— В недобрый час научился Израиль такому печальному искусству, — молвила Ревекка. — Но человеческое сердце под влиянием несчастий делается покорным, как твёрдая сталь под действием огня, а тот, кто перестал быть свободным гражданином родной страны, поневоле должен гнуть шею перед иноземцами. Таково проклятие, тяготеющее над нами, сэр рыцарь, заслуженное нашими прегрешениями и грехами отцов наших. Но вы, вы, кто превозносит свою свободу как право первородства, насколько же глубже ваш позор, когда вопреки вашим собственным убеждениям, вы унижаетесь до потворства предрассудкам других людей.

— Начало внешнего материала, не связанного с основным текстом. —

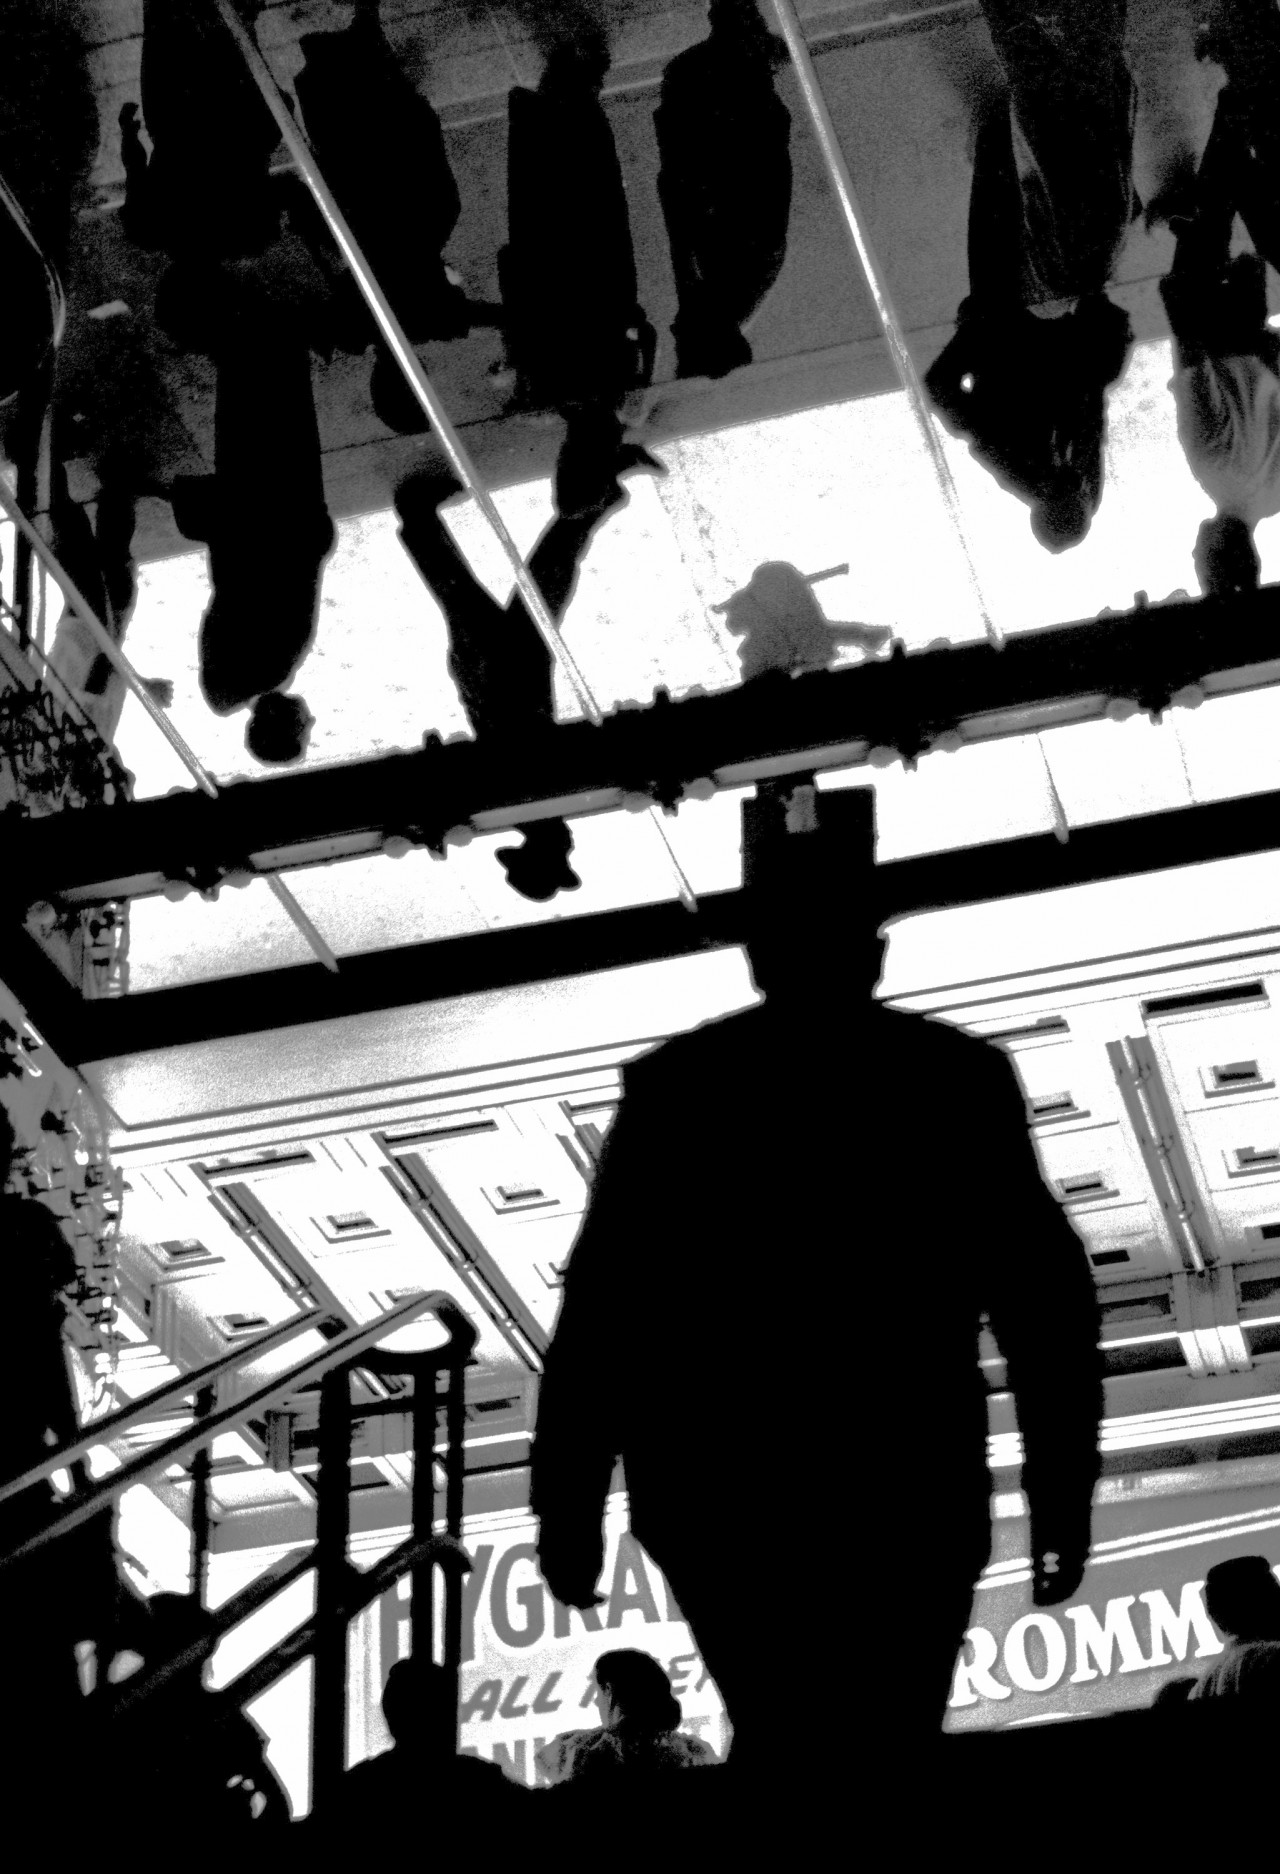 Выход из станции метро, Нью-Йорк, 1945. Фотограф Фред Стайн
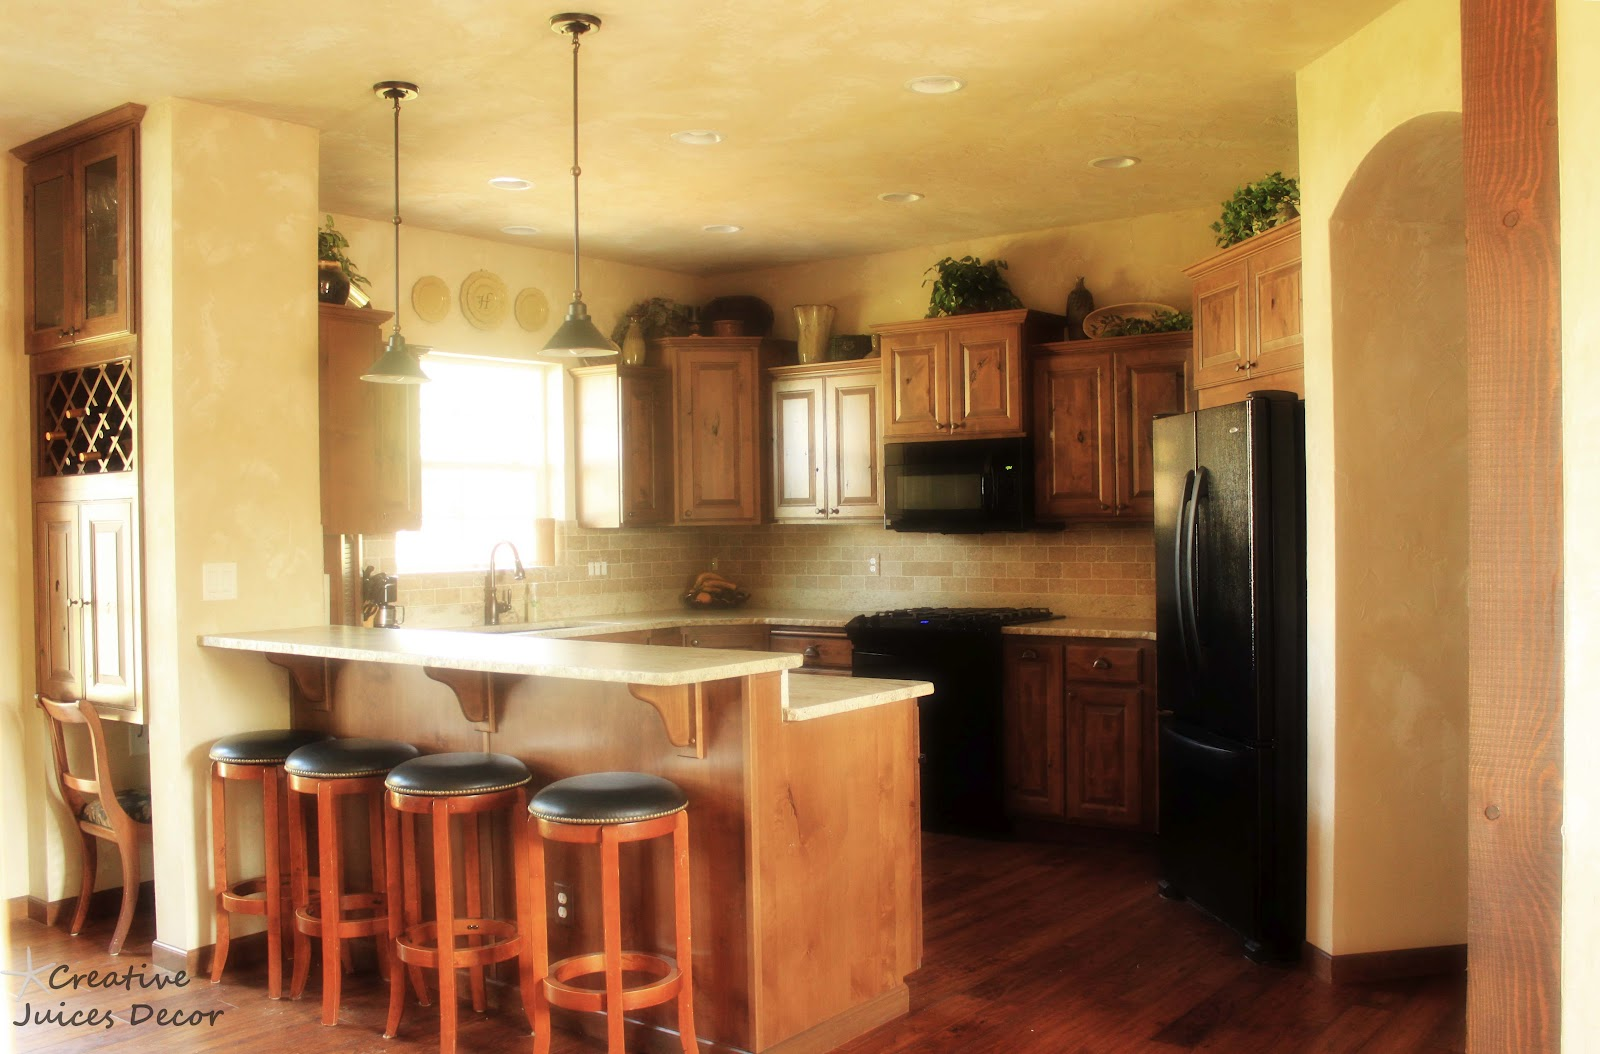 decorating tops cabinets tops decorative tables ideas kitchen cabinet tops decorate kitchen cabinet tops

— В твоих словах есть горькая правда, Ревекка, — сказал Буагильбер, в волнении шагая взад и вперёд по комнате, — но я пришёл не за тем, чтобы обмениваться с тобой упрёками. Знай, что Буагильбер никому в мире не уступает, хотя, смотря по обстоятельствам, иногда меняет свои планы. Воля его подобна горному потоку: если на пути его встречается утёс, он может на некоторое время уклониться от прямого пути в своём течении, но непременно пробьётся вперёд и найдёт дорогу к океану. Ты помнишь обрывок пергамента, на котором был написан совет потребовать защитника? Как ты думаешь, кто это написал, если не Буагильбер? В ком ином могла ты пробудить такое участие?
— Короткая отсрочка смертной казни, и ничего больше, — отвечала Ревекка. — Не много пользы мне от этого; и неужели ничего другого ты не мог сделать для той, на голову которой обрушил столько горя и наконец привёл на край могилы?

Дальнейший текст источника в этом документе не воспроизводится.